= MATERIAL PROVIDED =

::::

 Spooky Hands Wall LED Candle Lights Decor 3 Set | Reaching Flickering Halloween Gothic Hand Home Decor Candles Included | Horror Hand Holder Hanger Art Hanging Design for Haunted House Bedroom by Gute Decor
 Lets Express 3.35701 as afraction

::::

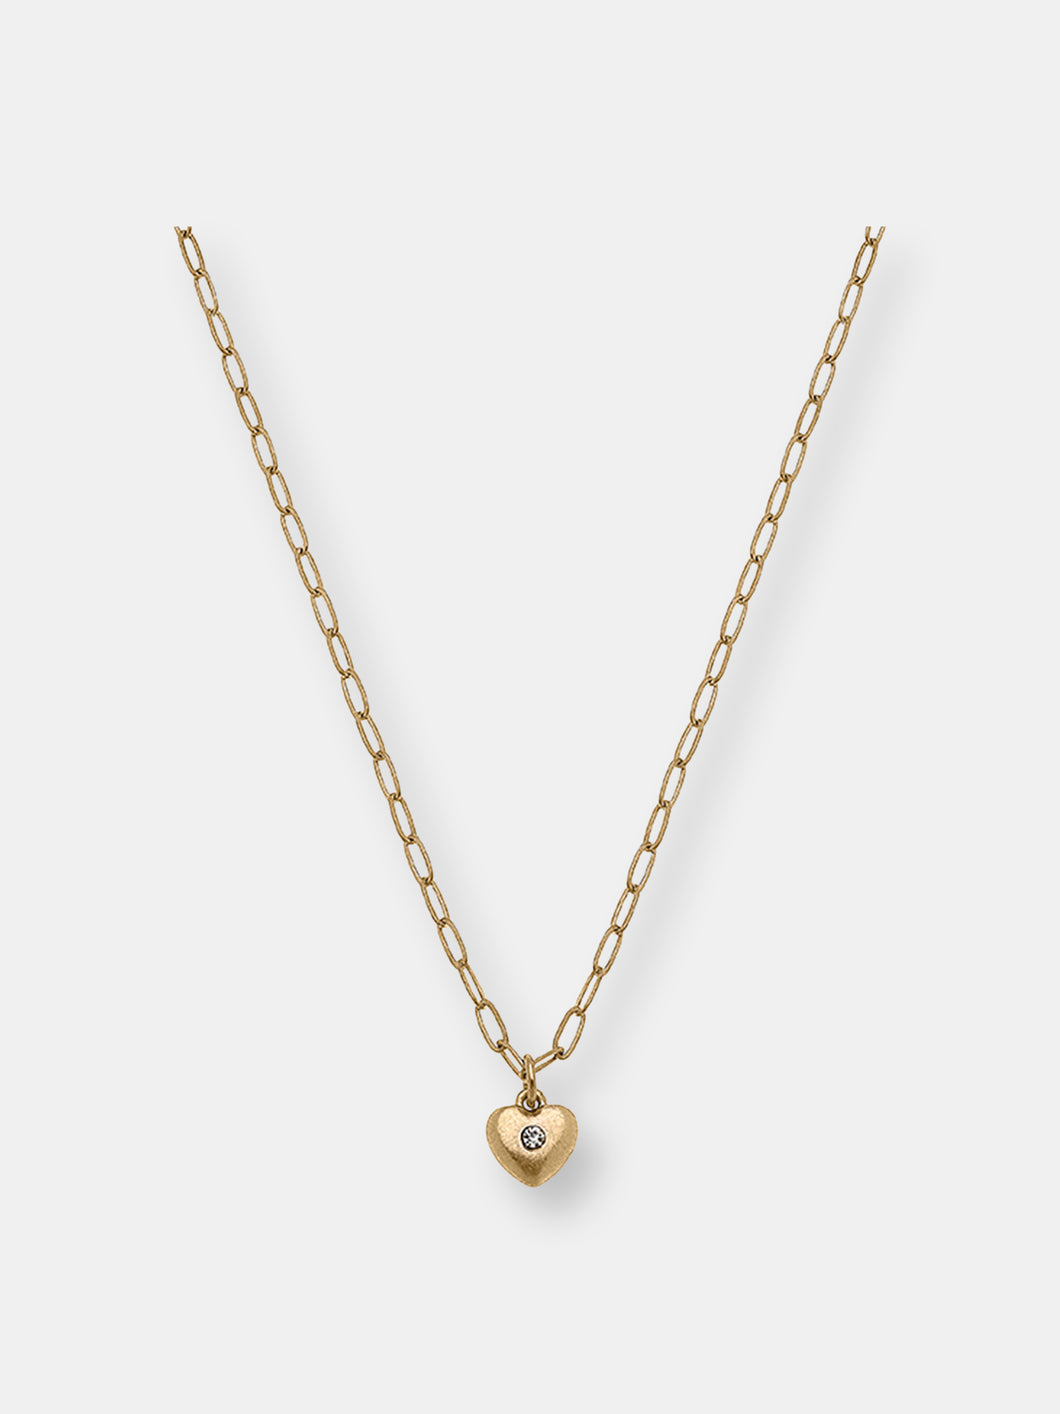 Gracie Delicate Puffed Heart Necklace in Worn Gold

::::

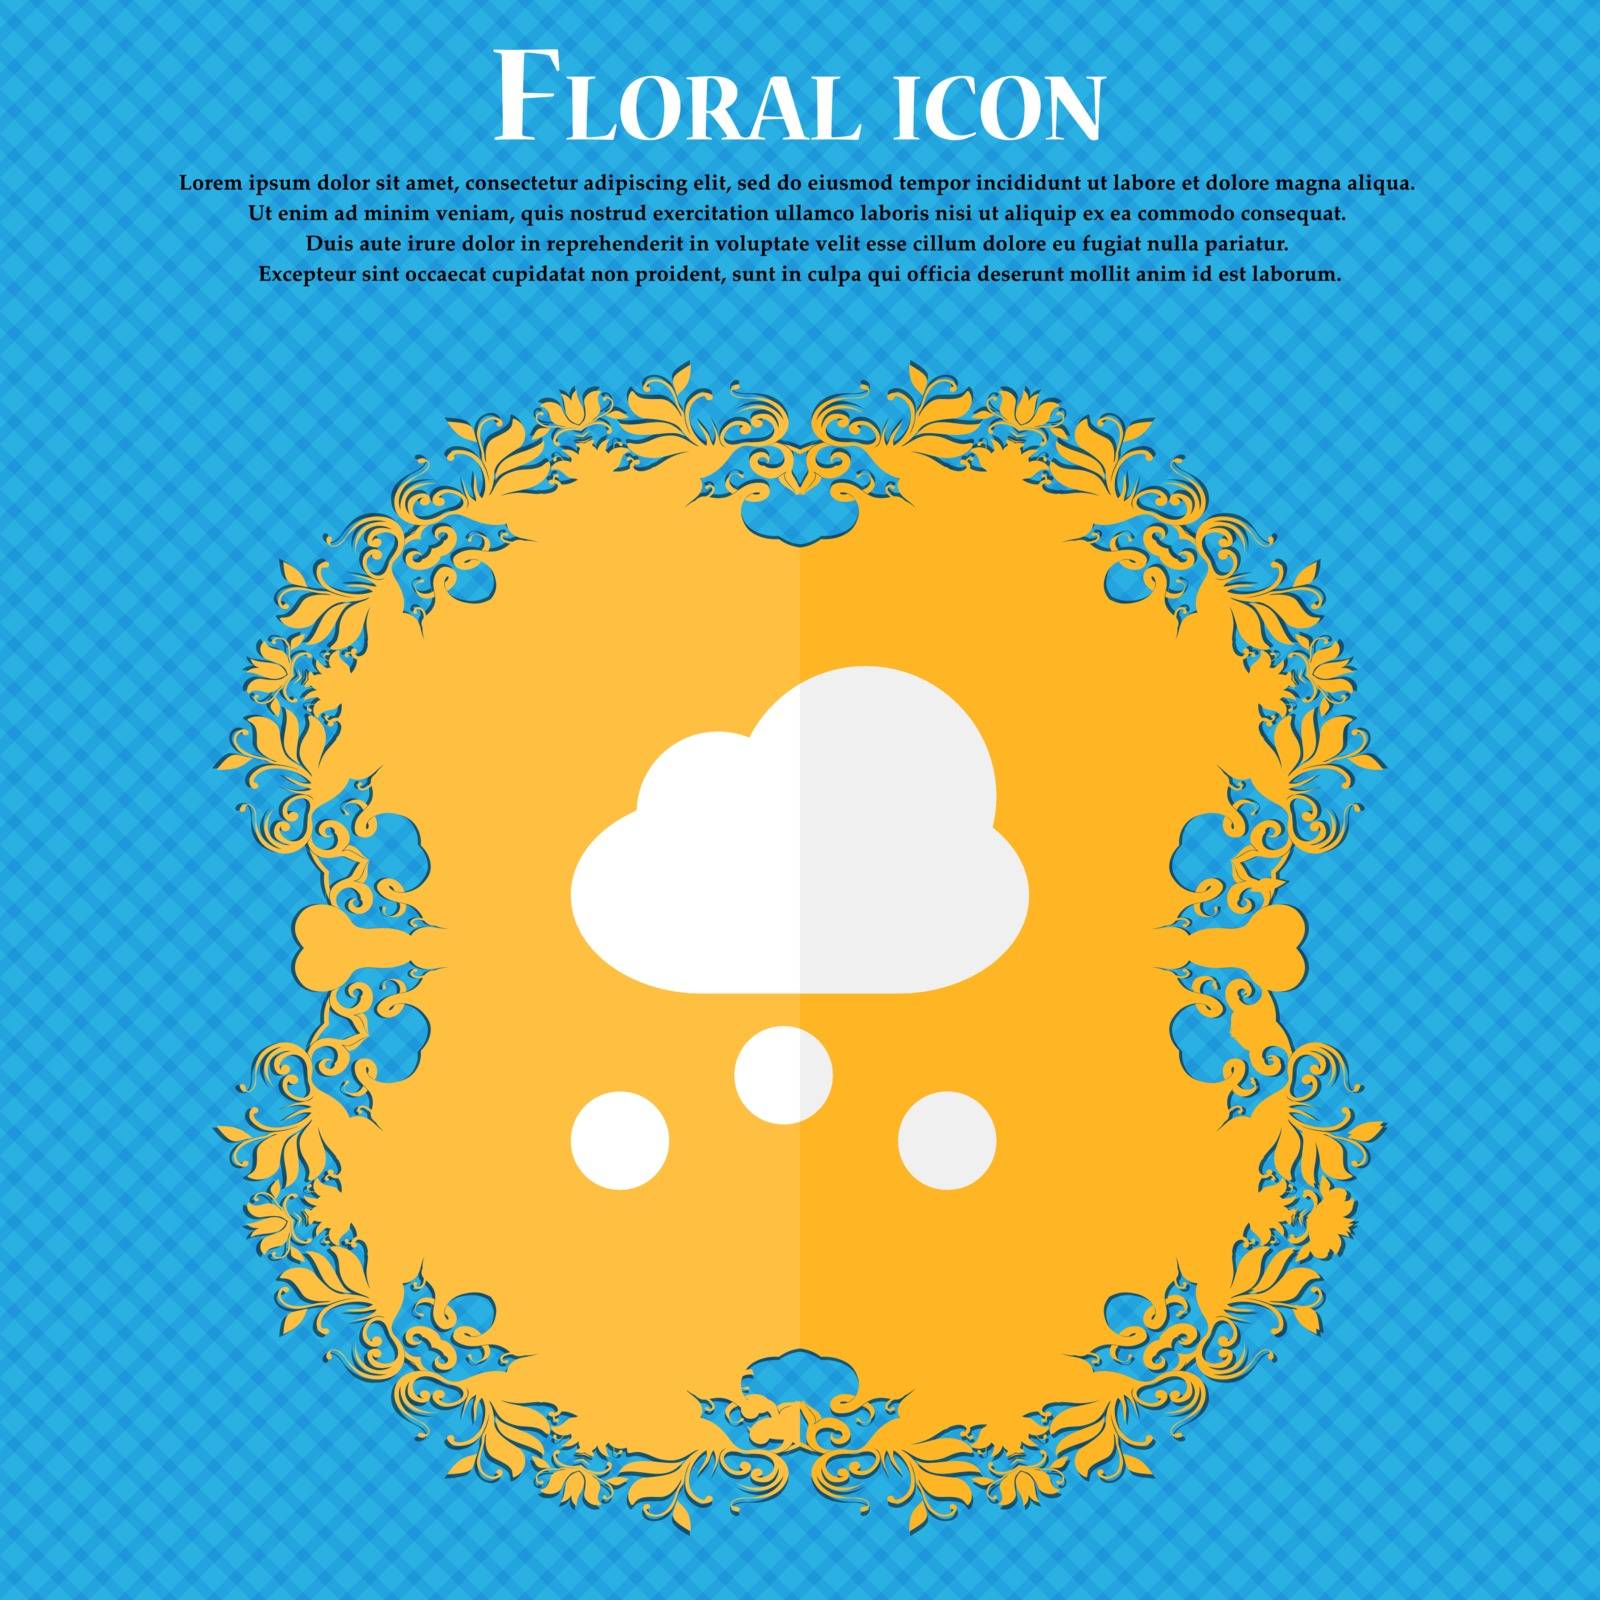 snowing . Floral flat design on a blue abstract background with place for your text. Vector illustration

::::

= EXERCISE BRIEF =
Using the entries above, repeat only the lines from the one containing "Spooky Hands Wall" through the one containing "Lets Express 3.35701 as afraction", end lines included.

= THE COMPLETED TASK =
 Spooky Hands Wall LED Candle Lights Decor 3 Set | Reaching Flickering Halloween Gothic Hand Home Decor Candles Included | Horror Hand Holder Hanger Art Hanging Design for Haunted House Bedroom by Gute Decor
 Lets Express 3.35701 as afraction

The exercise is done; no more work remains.